Apple's decision to temporarily close its retail stores in China due to the new coronavirus outbreak could delay up to 1 million iPhone sales, analysts at Wedbush Securities said Saturday.
Analysts Daniel Ives and Strecker Backe wrote:
We believe with the limited transportation in major cities throughout China and limited foot traffic in Shanghai, Beijing, and other cities that at most ~1 mm iPhones in the region could be at risk of shifting out of the March quarter into the June quarter if this continues into late February.
However, they noted this is unlikely to have a substantial impact on the company's revenue as the sum represented less than 3% of annual Chinese iPhone sales.

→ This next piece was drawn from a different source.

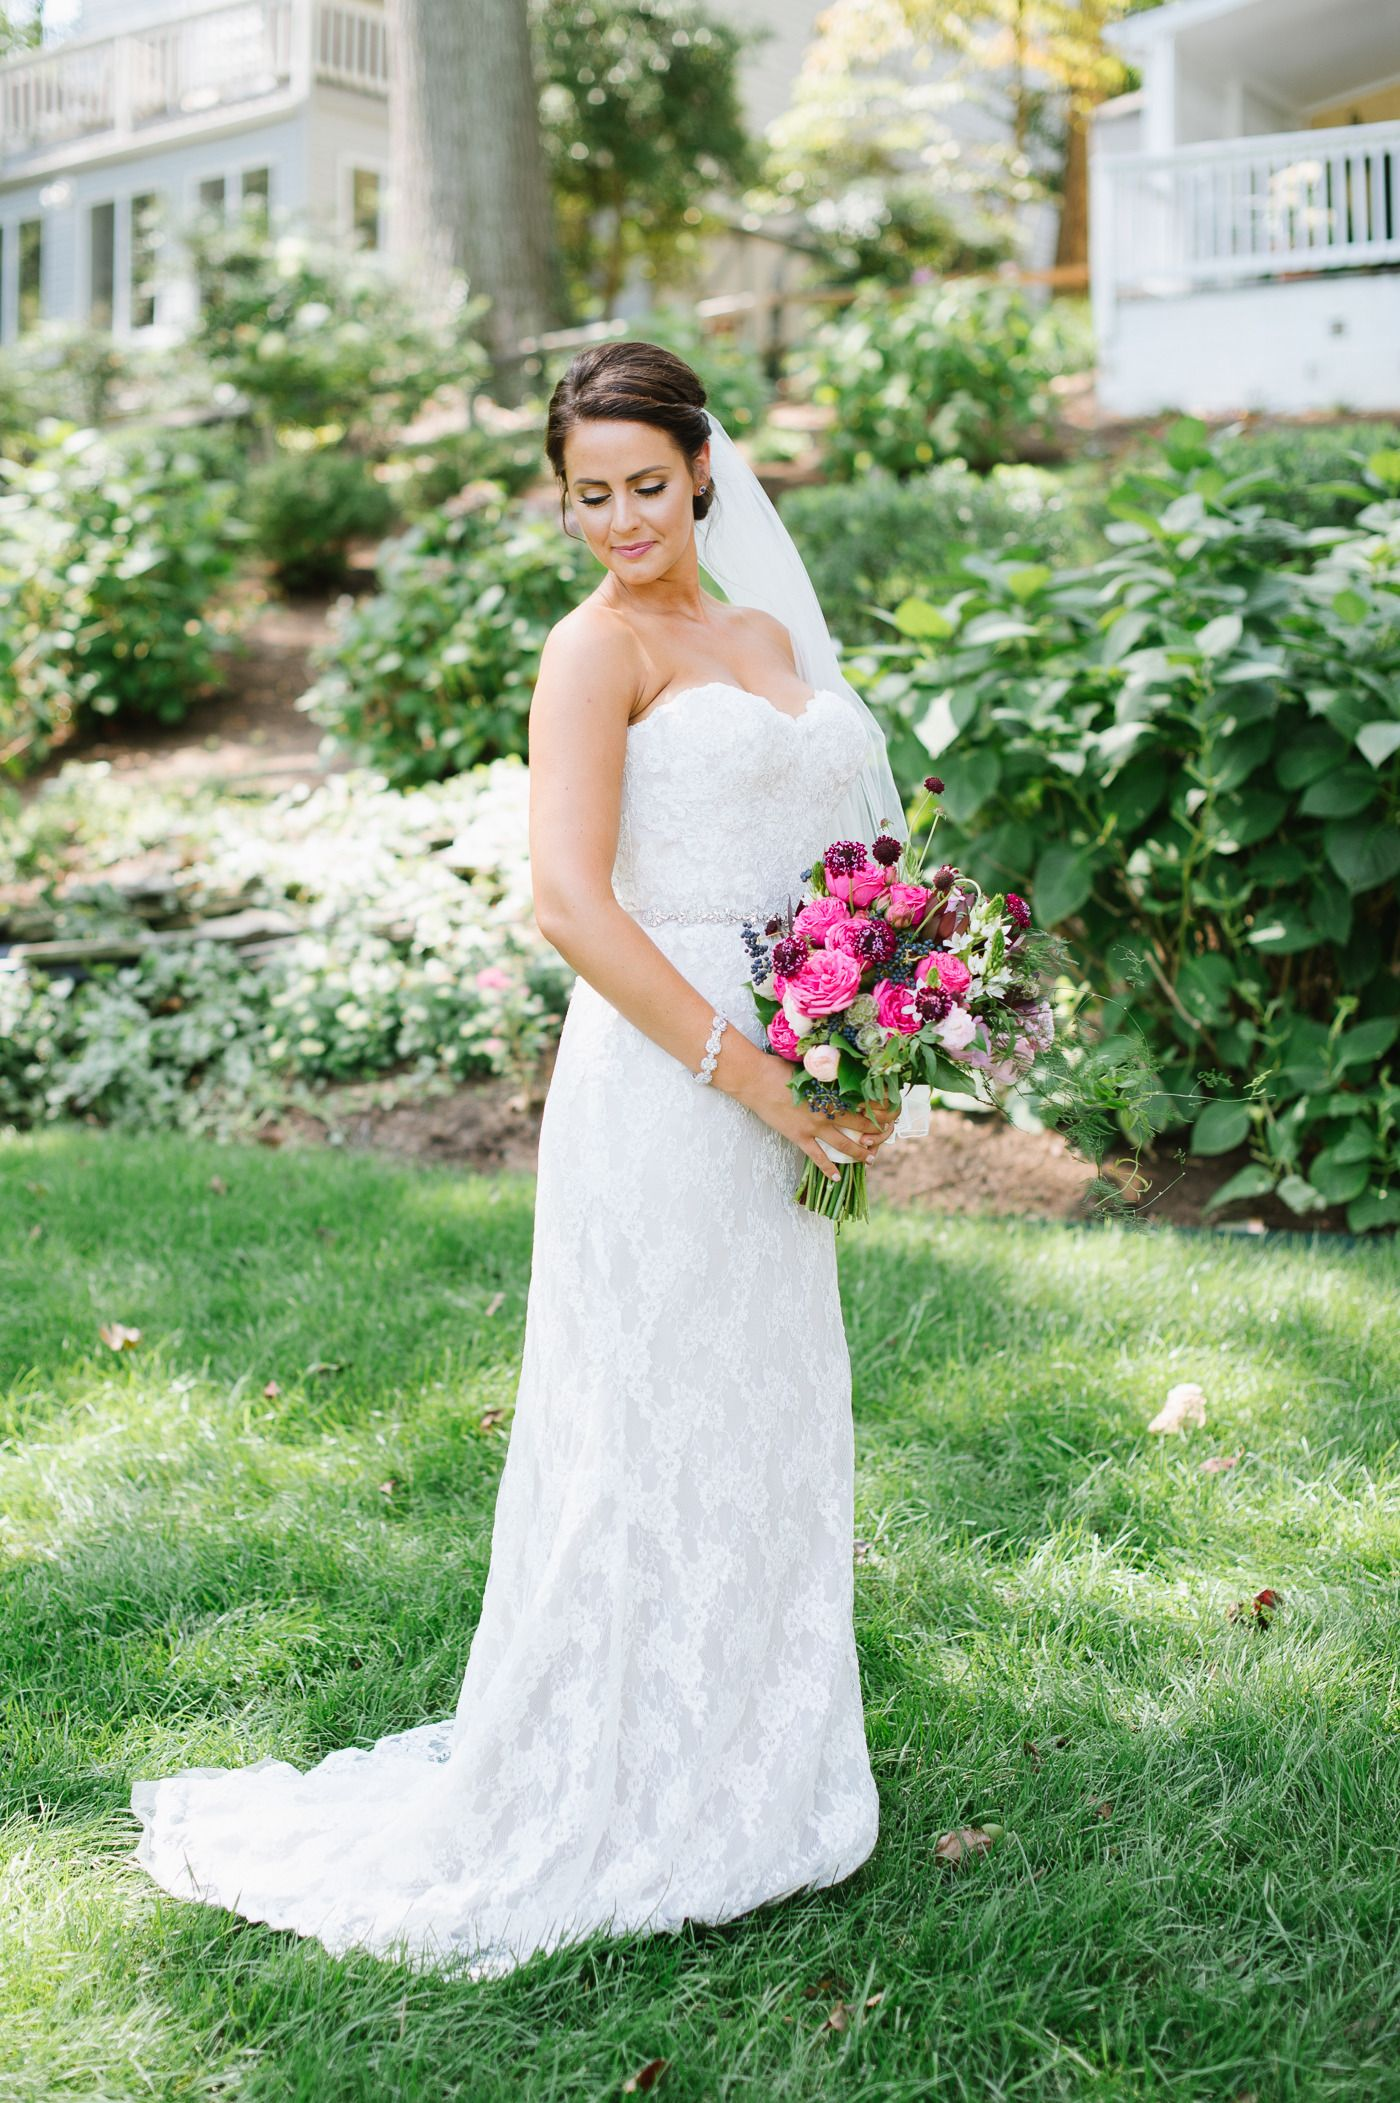 20 Stunning Semi-naked Wedding Cakes   SouthBound Bride

Ives and Backe wrote that the effect of the outbreak on the company's shares was mitigated because Apple did not roll out major sales around the Chinese New Year, which took place January 25.
They wrote:
While the coronavirus outbreak is a sad situation and concerning headline for investors, for the stock we believe the fundamental impact from this issue to Apple's top-line is negligible especially as this year there were no major price cuts or last minute sales around the Chinese New Year, which we have seen in prior years to spur sales in the key region.

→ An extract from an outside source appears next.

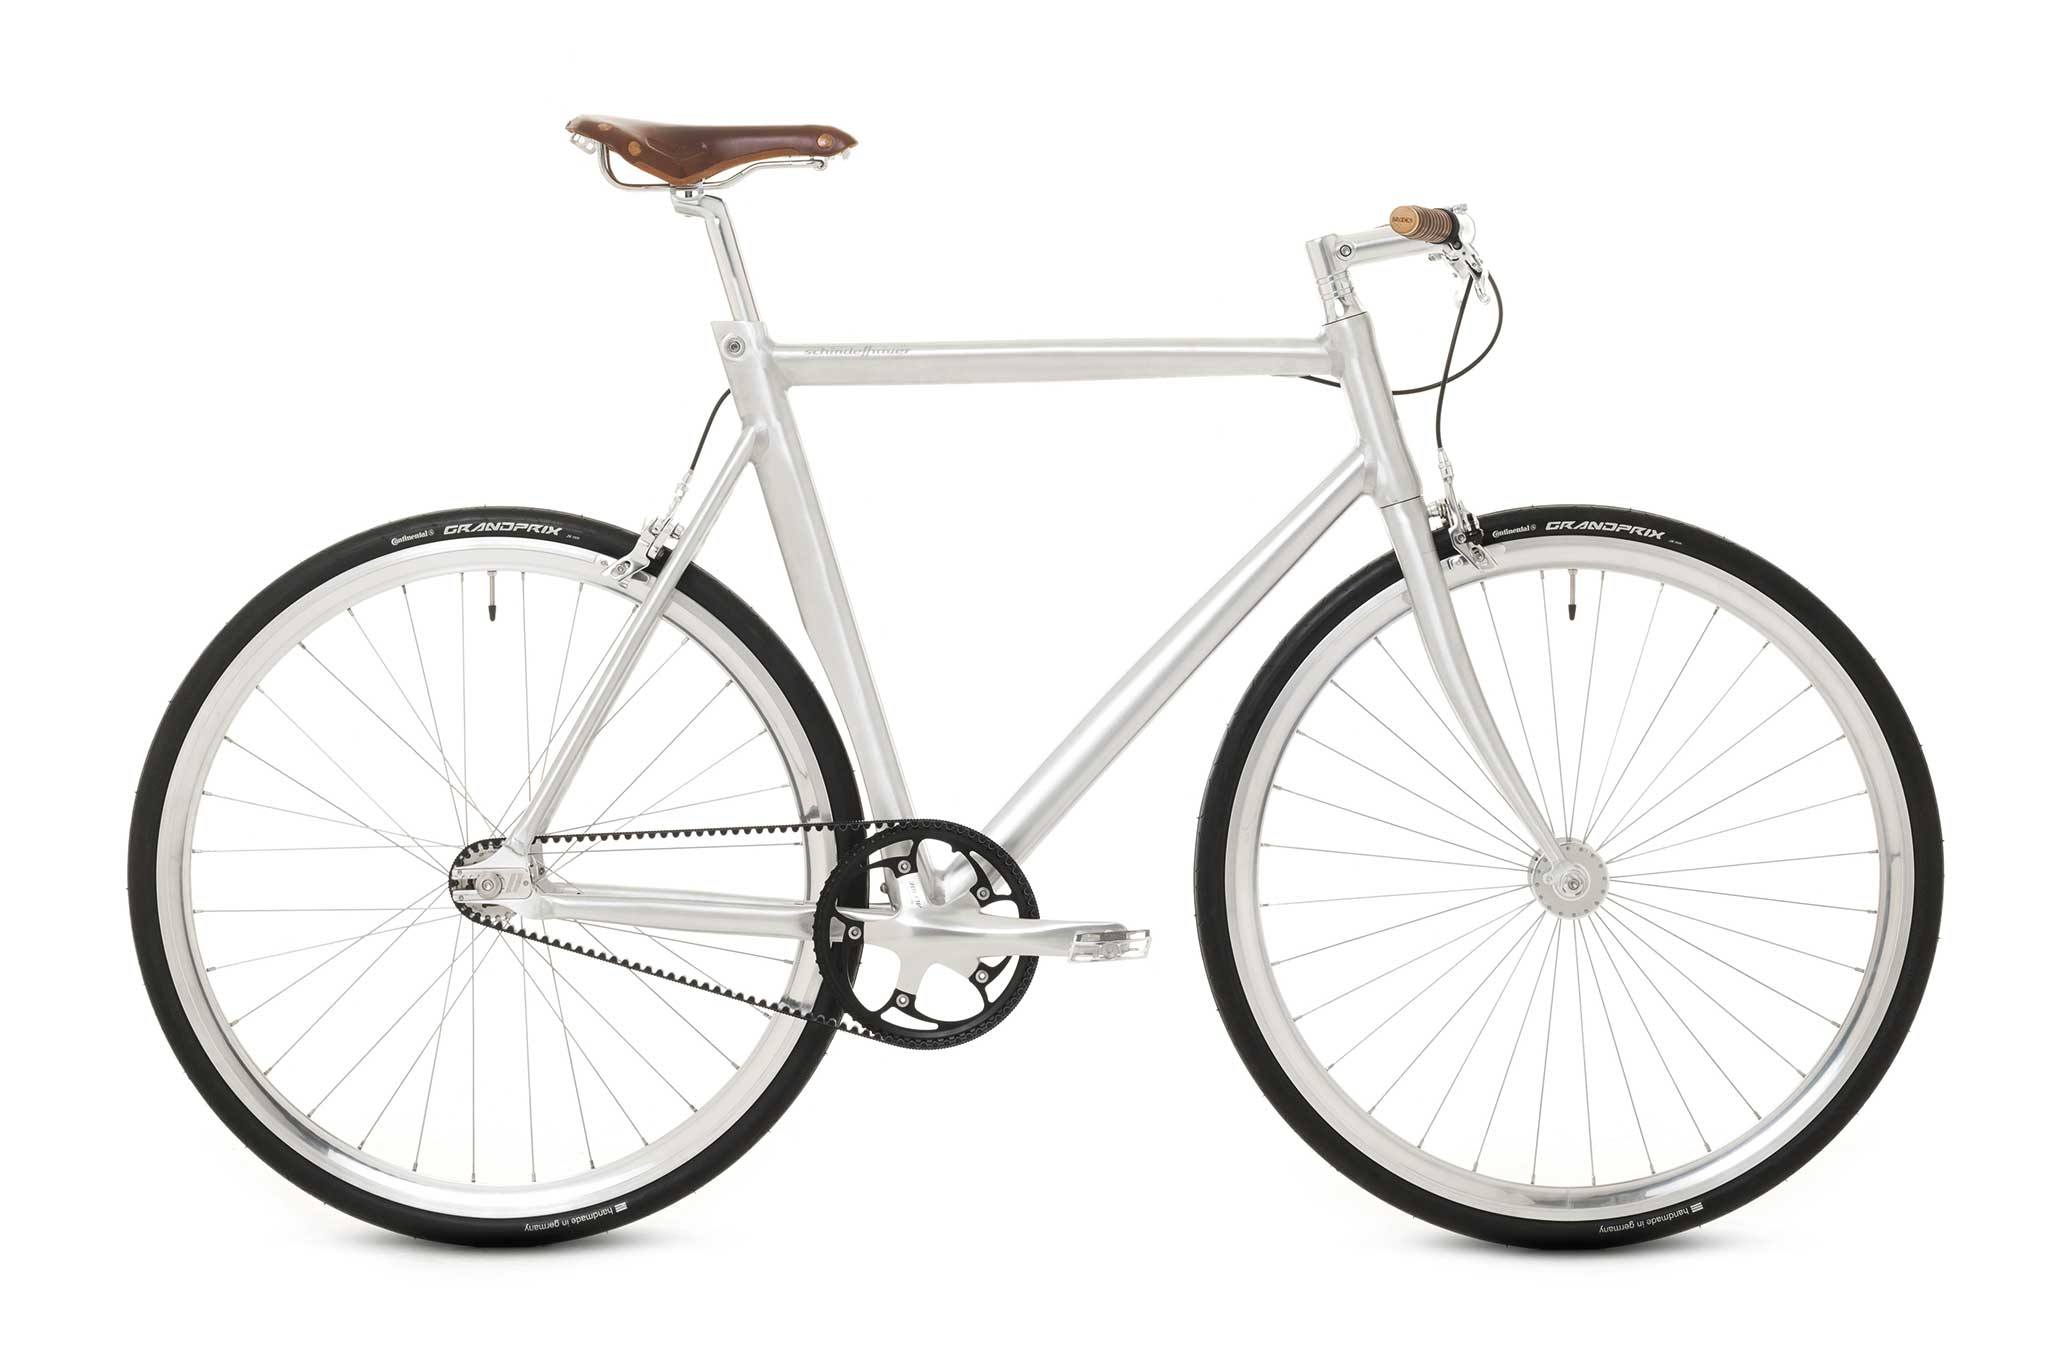 Schindelhauer, fabricant de vélos urbain à courroie

cnTechPost mentioned on February 1 that Apple retail stores in China will be temporarily closed from now until 24:00 on February 9 based on recent public health and prevention considerations, an announcement on Apple China's official website showed on Saturday morning.

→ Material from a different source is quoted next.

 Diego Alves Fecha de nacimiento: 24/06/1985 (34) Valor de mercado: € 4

Apple later added in a statement that it will close all offices, retail stores and call centers in mainland China due to extreme care and based on the latest recommendations of experts. Apple's online store in China is still open.
Apple has previously announced the temporary closure of three Apple Stores in Qingdao, Nanjing and Fuzhou, and retail stores in many other provinces have also restricted business hours.